On The Net 
                        Dating the Web: The Confusion of Chronology                         
                        By Greg R. Notess 
                        Reference Librarian Montana
                        State University  
 
                        For those of us grounded in the print world of publishing, 
                        the date of publication helps identify and distinguish 
                        different editions, specific periodical issues, and even 
                        re-printings. The date of print publication rarely matches 
                        the exact date of composition but does have the distinct 
                        advantage of being basically unchangeable. Once published 
                        and a publication date has been included on each item, 
                        the only way authors can update or otherwise make a change 
                        is to issue a new edition or a correction. Otherwise, 
                        they would have to track down every single copy and make 
                        the change.  
                         
                        The Web, of course, is pretty much the opposite. Site 
                        owners can change any page any time they wish. Unscrupulous 
                        but talented hacks sometimes can even change other people's 
                        pages. And anyone who has ever tried to cite a Web page 
                        knows that many have no publication date information listed 
                        at all.   
                        Yet for all its newness as a publication medium, the Web 
                        is aging. We have had public Web sites up for more than 
                        a decade now, though few pages remain in their original 
                        format. As the Web ages, it becomes increasingly important 
                        to try and understand the origination date of certain 
                        Web content. For intellectual property cases and the historical 
                        record, among other reasons, it can be important to know 
                        when a Web page was actually written or first posted. 

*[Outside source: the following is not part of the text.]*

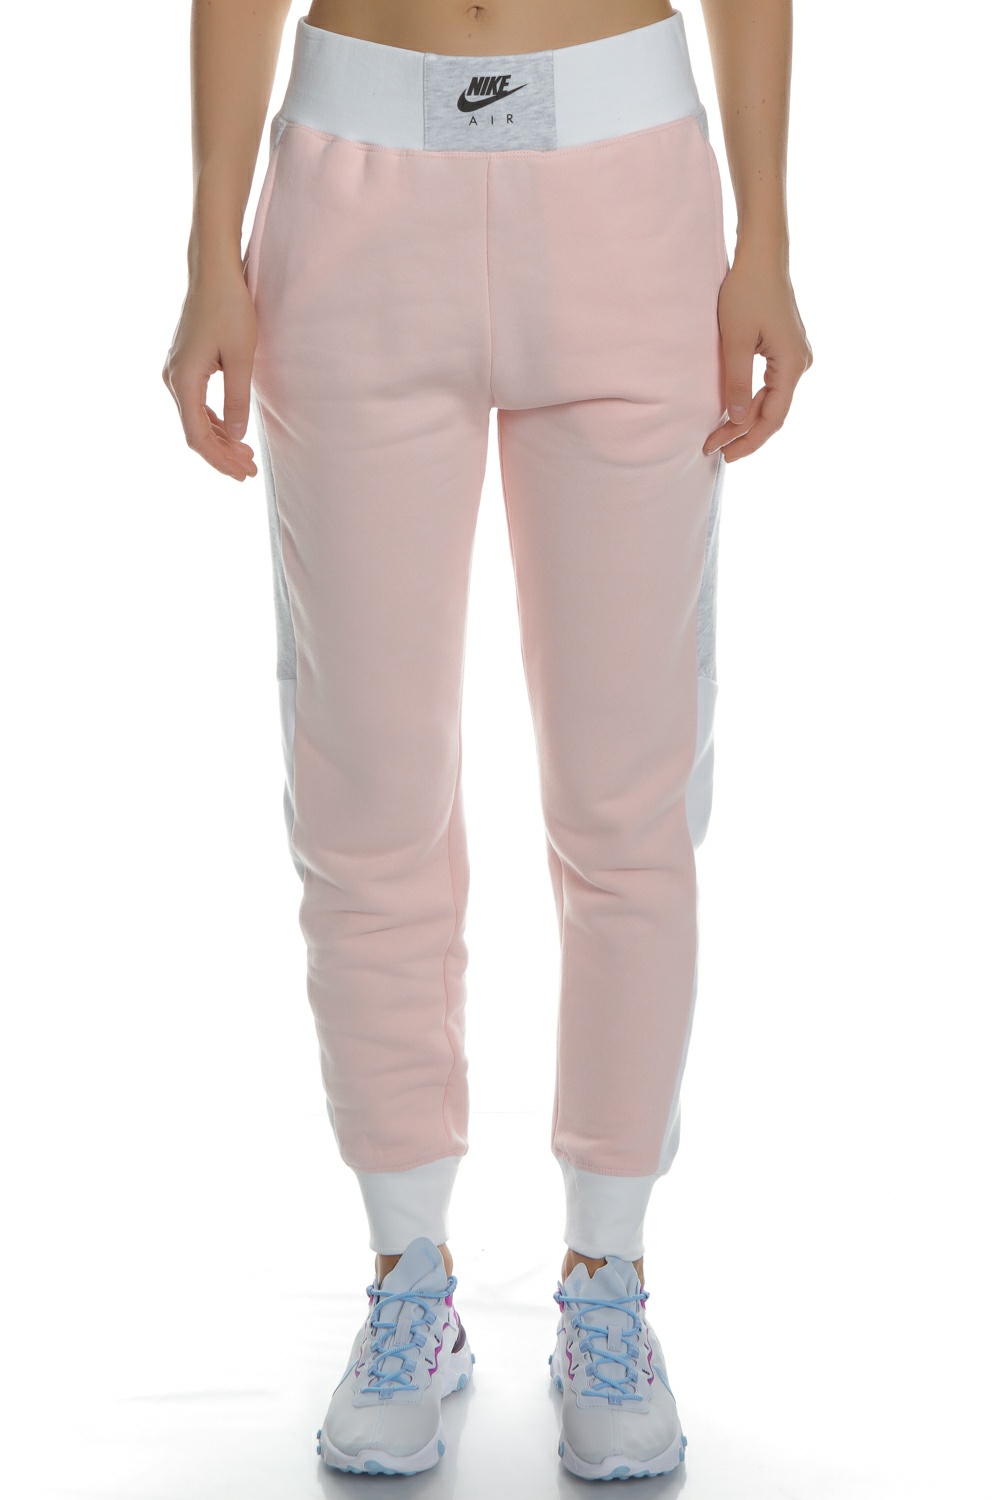 Γυναικεία/Ρούχα/Αθλητικά/Φόρμες NIKE - Γυναικείο παντελόνι φόρμας NIKE AIR ροζ

                        Exploring the Internet dating scene for the information 
                        professional means understanding the dimensions, deficiencies, 
                        and differences of the various dates associated with Web 
                        pages.
DATING DIMENSIONS
                        With the ease of posting a Web page, which is then 
                          publicly available, and the subsequent ease of changing 
                          that page, issues of date information have several dimensions. 
                          There is the original content creation date and possibly 
                          an editing or updated date. The surrounding text and 
                          graphics may come from an entirely different day and 
                          time while the page design may have occurred at yet 
                          a different point.  
                           
                          The date and time when the file containing this conglomeration 
                          of parts was last changed are reported in the date stamp. 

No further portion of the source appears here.